Hellos and farewells to county faces
Donald Rosier — Jefferson County Commissioner Donald Rosier is vacating his county commissioner seat one year early to become the general manager of the Sterling Ranch Community Authority Board.
Rosier, a Republican, represents District Three, which is the southern part of Jefferson County. He was elected to the seat in 2010 and re-elected to serve another four years in 2014. He is term limited next year.
The vacant position will be filled by the Vacancy Committee of the Jefferson County Republican Party. That person will serve the county alongside Republican Libby Szabo, who is chair of the Board of County Commissioners; and Democrat Commissioner Casey Tighe.
John Zabawa — After a career with the Seniors’ Resource Center that began in 1981, John Zabawa, 66, retired from his role as president and CEO of the Seniors’ Resource Center on Aug. 31.
Monica Roers, a woman with more than 20 years of experience in leadership roles with nonprofit organizations, assumed the position on July 11.
The Seniors’ Resource Center is a nonprofit provider of information, services and advocacy for seniors. Its programs and services, which are designed to help seniors remain independent and living in their own homes, expand to 10 counties in the Denver metro area.
Col. Don Davis — In February, the Jefferson County Board of County Commissioners selected Col. Don Davis, 49, to become the new county manager. Davis assumed the role on May 1.

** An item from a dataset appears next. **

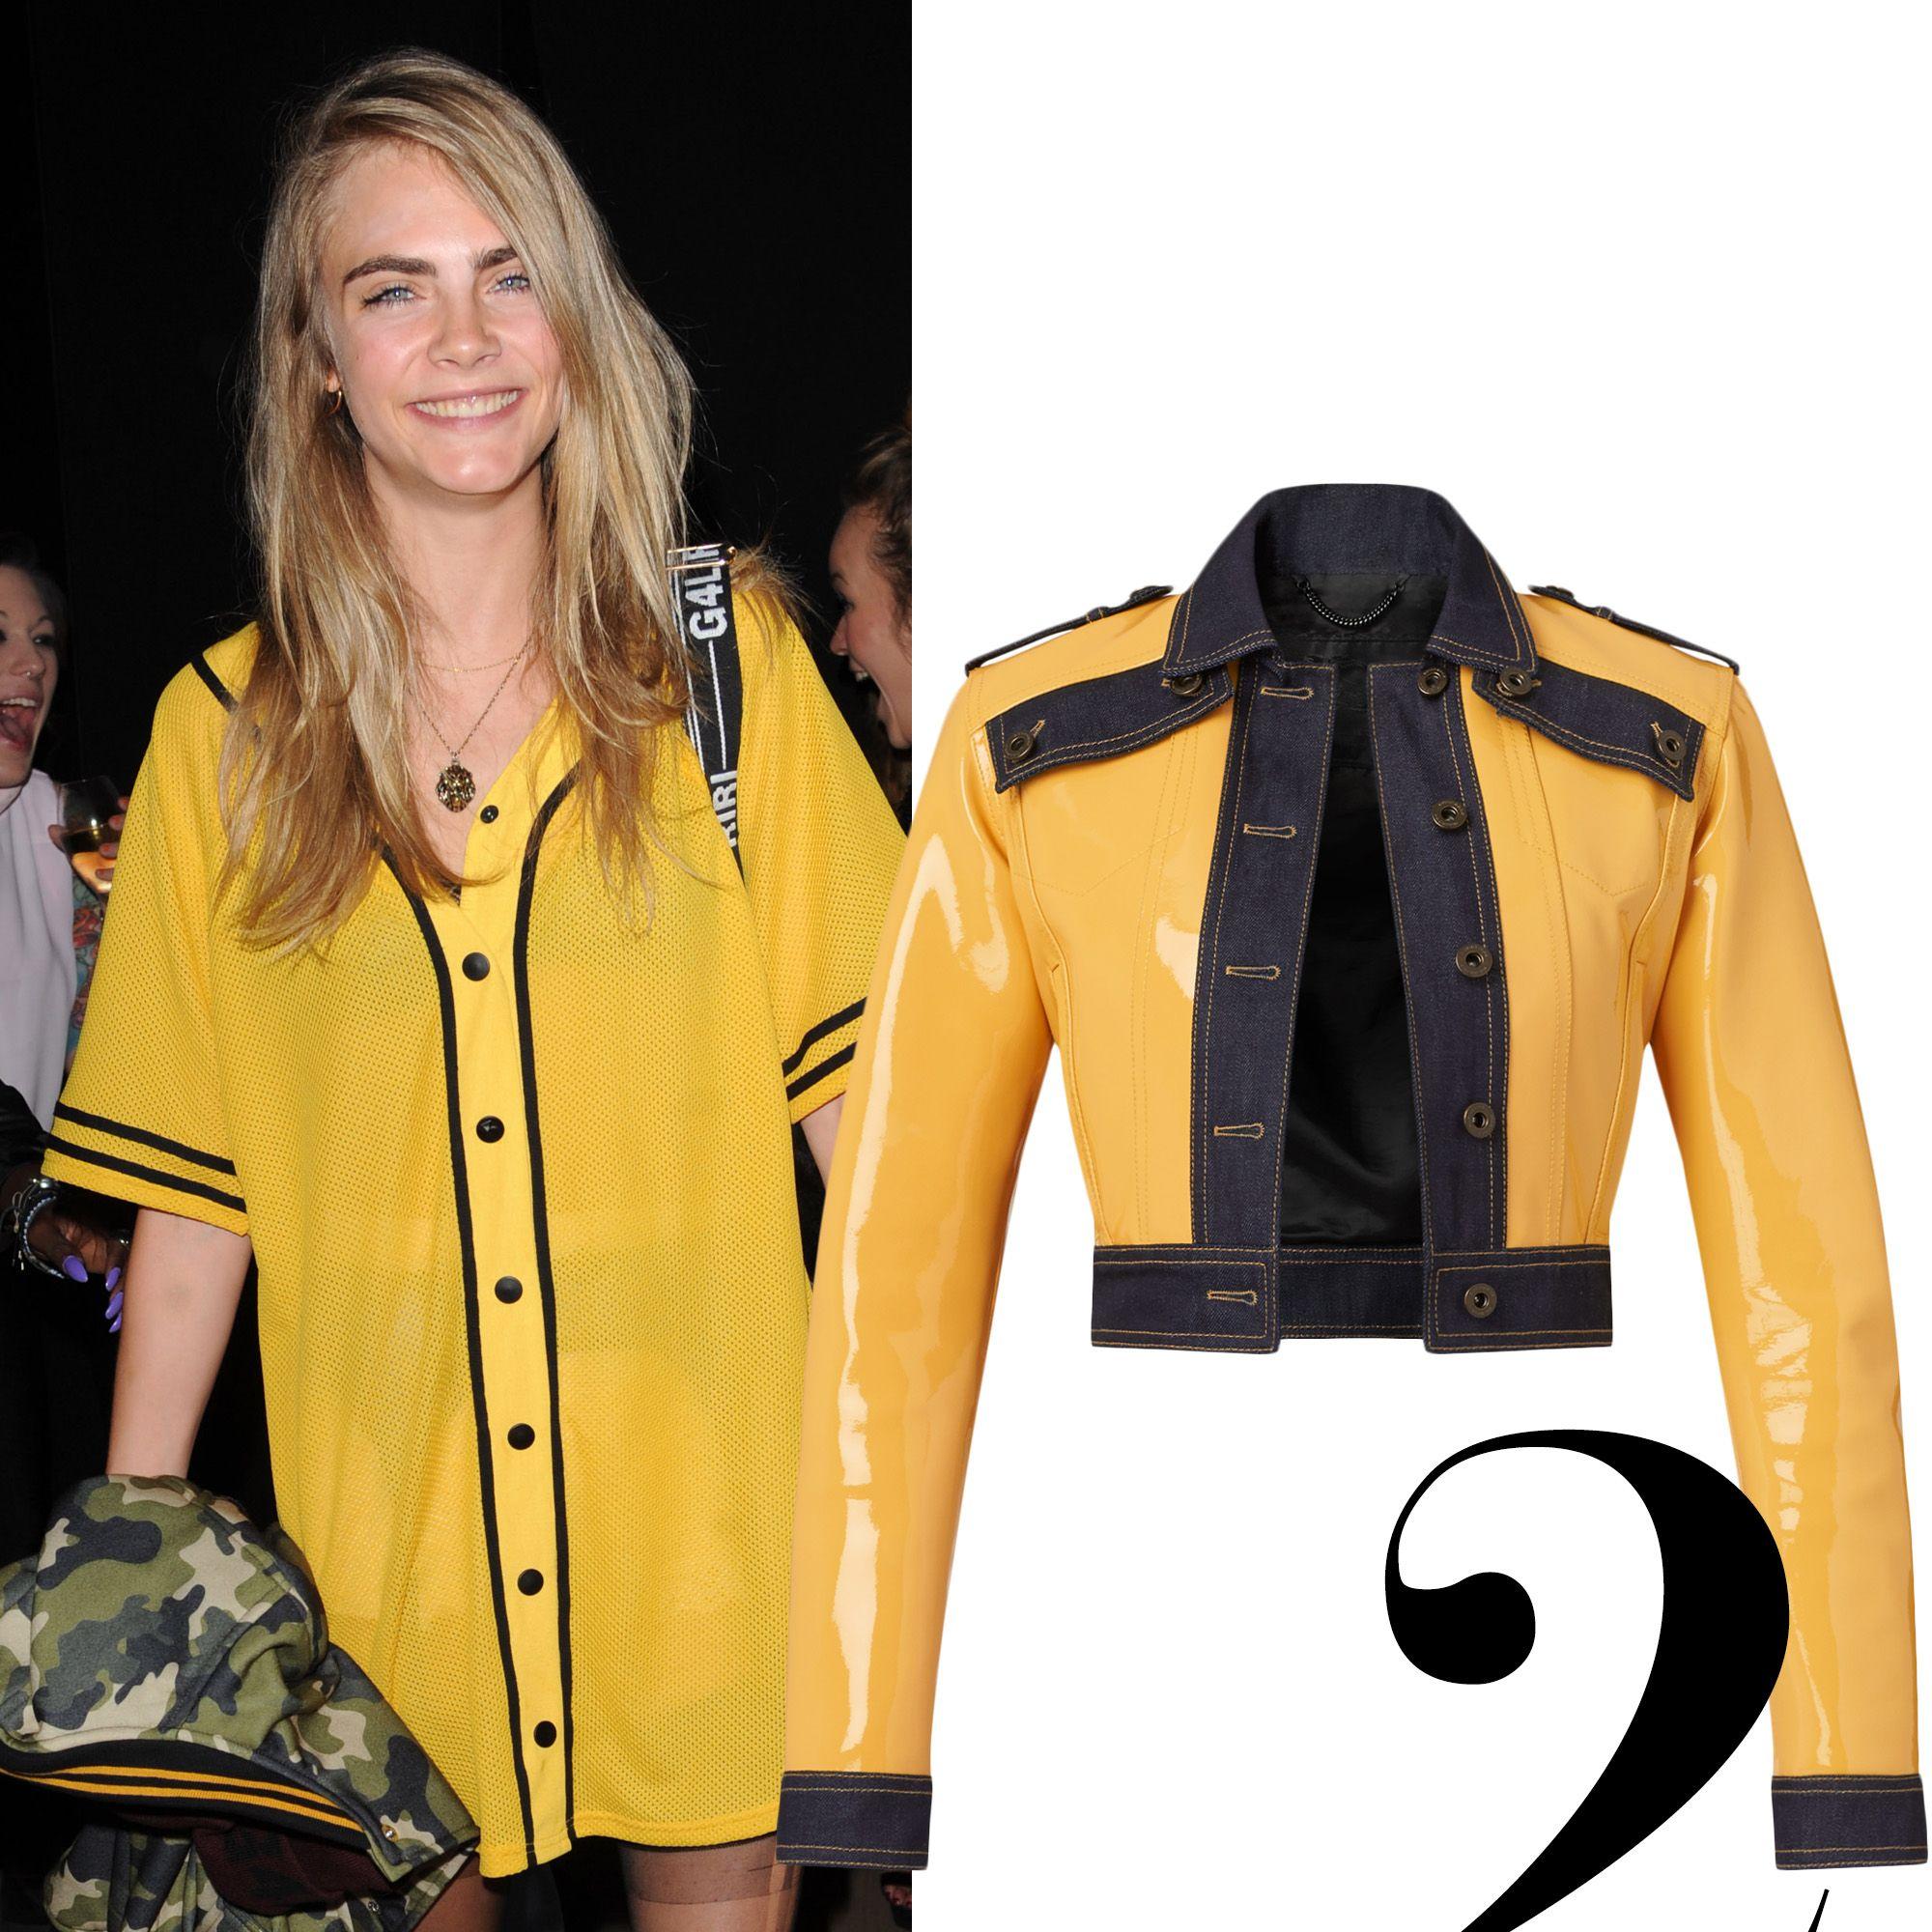 """<em>Burberry jacket, $3,995, <a href=""""http://us.burberry.com/patent-leatherdenim-jacket-p45311401"""" target=""""_blank"""">burberry.com</a>.</em>"""

He replaced Ralph Schell, who retired in March. Schell was the county manager for seven years, and had a 30-year career with parks and open space.
Davis has a 27-year military career under his belt, during which he held various leadership roles. He was deployed overseas five times, and received a number of awards and medals. He moved to Colorado two years ago with his family when he was assigned the role of Chief of Strategy and Campaign Plans for United States Northern Command and North American Aerospace Defense Command based in Colorado Springs.
Jeffco EDC — Sam Bailey was appointed as president and CEO of the Jefferson County Economic Development Corporation (Jeffco EDC) in 2016. It became effective on Jan. 3, 2017.
However, Bailey resigned about seven months later, and in August joined the Metro Denver EDC to become its vice president of economic development.
Steve Friesen — Steve Friesen, 64, a published author retired from his position as director of the Buffalo Bill Museum and Grave at the end of September. His career with the museum began in 1995.
Friesen has plans to write, travel, and continue to do museum consulting.
Perlmutter’s brief campaign
U.S. Rep. Ed Perlmutter (D) of Arvada entered into the 2018 Colorado gubanatorial race, only to withwdraw three months later on July 11.
He also announced that he would not to run for re-election to keep his seat as house representative for Colorado’s 7th Congressional District. However, on Aug. 21, Perlmutter announced his decision to run for re-election to keep his House seat.
The Colorado’s 7th Congressional District covers much of Jefferson County, including Golden, Lakewood, Wheat Ridge and Arvada, as well as much of Westminster, Thornton and Northglenn.
“I love this state,” Perlmutter said. “As a Democrat in a Republican congress under the Trump White House, I’m going to make the best of it that I can.”